In 1956 People v. Davidson (5 Misc 2d 699) was decided. Again the Harger Drunkometer was involved. In referring to the language of Toms v. State (supra) adopted by People v. Kovacik (supra) the court said (p. 702); “ The difficulty with the case at bar is that the officer who testified as to the ‘ Drunkometer ’ test was not shown to be possessed of the qualifications necessary to conduct the test; and no other witness was called to explain in any way how this machine, or instrument, works; or even that it was in proper working order. In my opinion, *927the trier of the facts in a case such as this, is entitled to have a reasonable explanation of the workings of some new or strange device, before he is asked to accept testimony of a reading of its end result as competent proof of a criminal act.”

As in People v. Davidson (supra) in the instant case, no witness was called to explain how the Breathalyzer works. No evidence whatsoever of any scientific principle was presented. The officer who conducted the test as hereinabove stated testified that he had given the test 30 times and had gone to a school conducted by the State Police. The number of times he conducted the test and his schooling was the sole evidence of his alleged qualifications to administer the test.

The following language of People v. Davidson (supra, p. 702), with the substitution of the word “ Breathalyzer ” for the word Drunkometer ”, is adopted as the language in this case:

‘ ‘ It may be that the use of the ‘ Drunkometer ’ will become so widespread that practical knowledge of its operation will become the portion of every person, but until it can be said that legally the accuracy and reliability of this device has become established and recognized, a reasonable and proper foundation for the use of its proof must be furnished.”

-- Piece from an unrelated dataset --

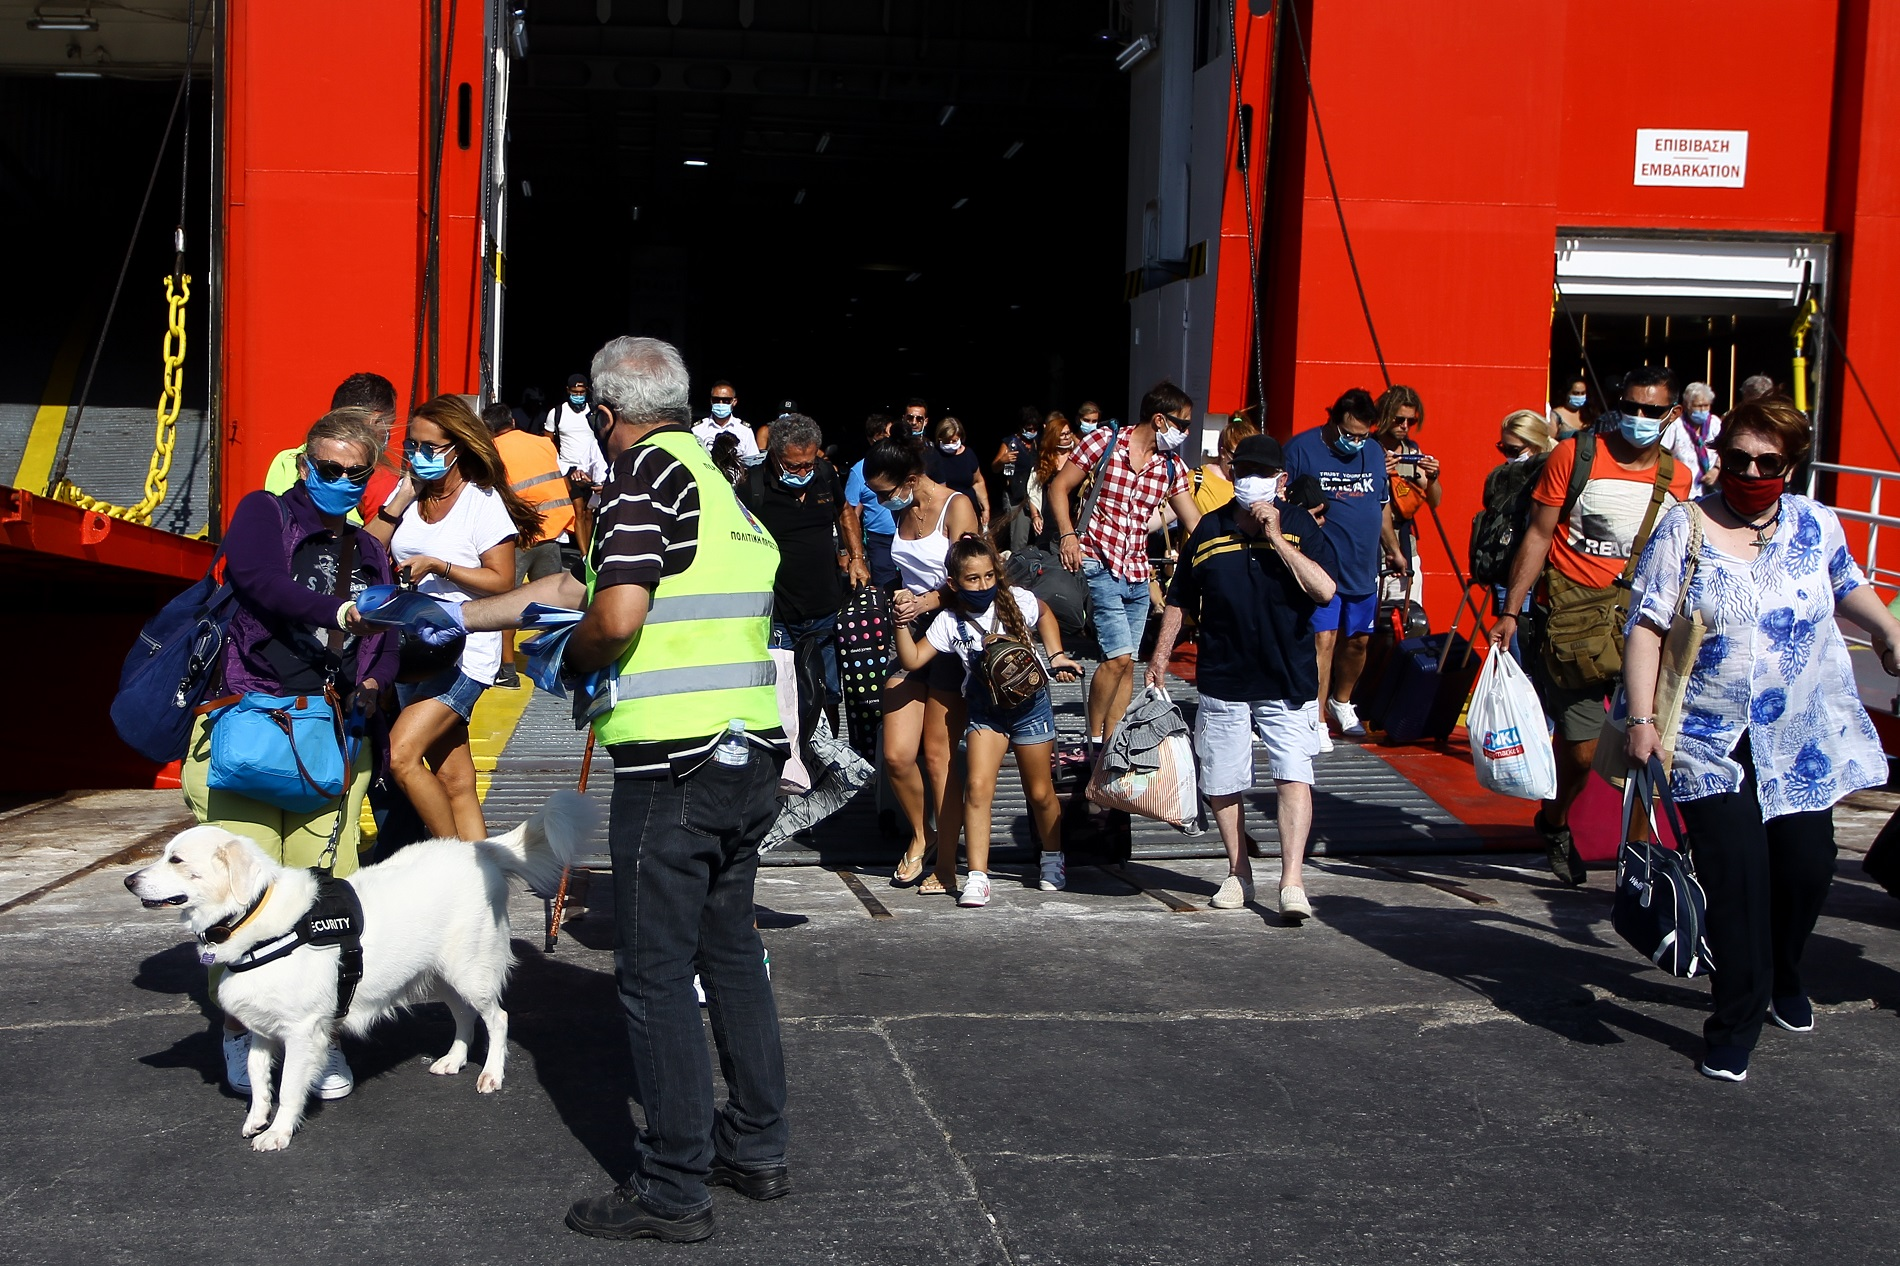 Εντατικοί έλεγχοι στα λιμάνια του Πειραιά και της Θεσσαλονίκης – Τα απαραίτητα έγγραφα για τους ταξιδιώτες

Therefore, this court does not accept the results of the Breathalyzer, leaving only the observational testimony of the police officers. This court feels that there is reasonable doubt that the defendant is guilty of a violation of subdivision 2 of section 1192. This court cannot find the defendant guilty of a violation of subdivision 1 of section 1192 based on our foregoing reasoning with respect to the Breathalyzer.

The action is dismissed, and defendant discharged.

NEW YORK STATE POLICE

BREATHALYZER OPERATIONAL CHECK LIST

Subject’s name Richard A. Seger Date 3/14/70 Time (of test) 2:05 am Blood Alcohol 0.12% Ampul Control No. 7116

Operator TPR. T. J. Kenny Witness Sgt. K. J. Enser Instrument Breathalyzer Model 900 NYSP No. 10785

PREPARATION

1. □ Throw switch to ‘ on ” unlock & center null meter, wait until thermometer indicates 50° ± 3° C.

2. Q Gauge reference ampul & insert in left-hand holder.

3. □ Gauge test ampul, open (gauge again), insert bubbler and connect to outlet.

*928 PURGE

4. □ Turn to take, flush out, turn to analyze.

5. Q When bed empty signal appears, turn to off, wait 1% minutes, turn on light, and balance null meter.

6. □ Set blood alcohol pointer on start line.

ANALYSIS

7. □ Turn to take, secure breath sample, turn to analyze (record time).

8. □ When bed empty signal appears, turn to off, wait 1% minutes, turn on light, and balance null meter.

9. □ Record blood alcohol scale reading.

10. □ purge, equilibrate, analyze, and record result. Dispose of test ampul. Lock null meter.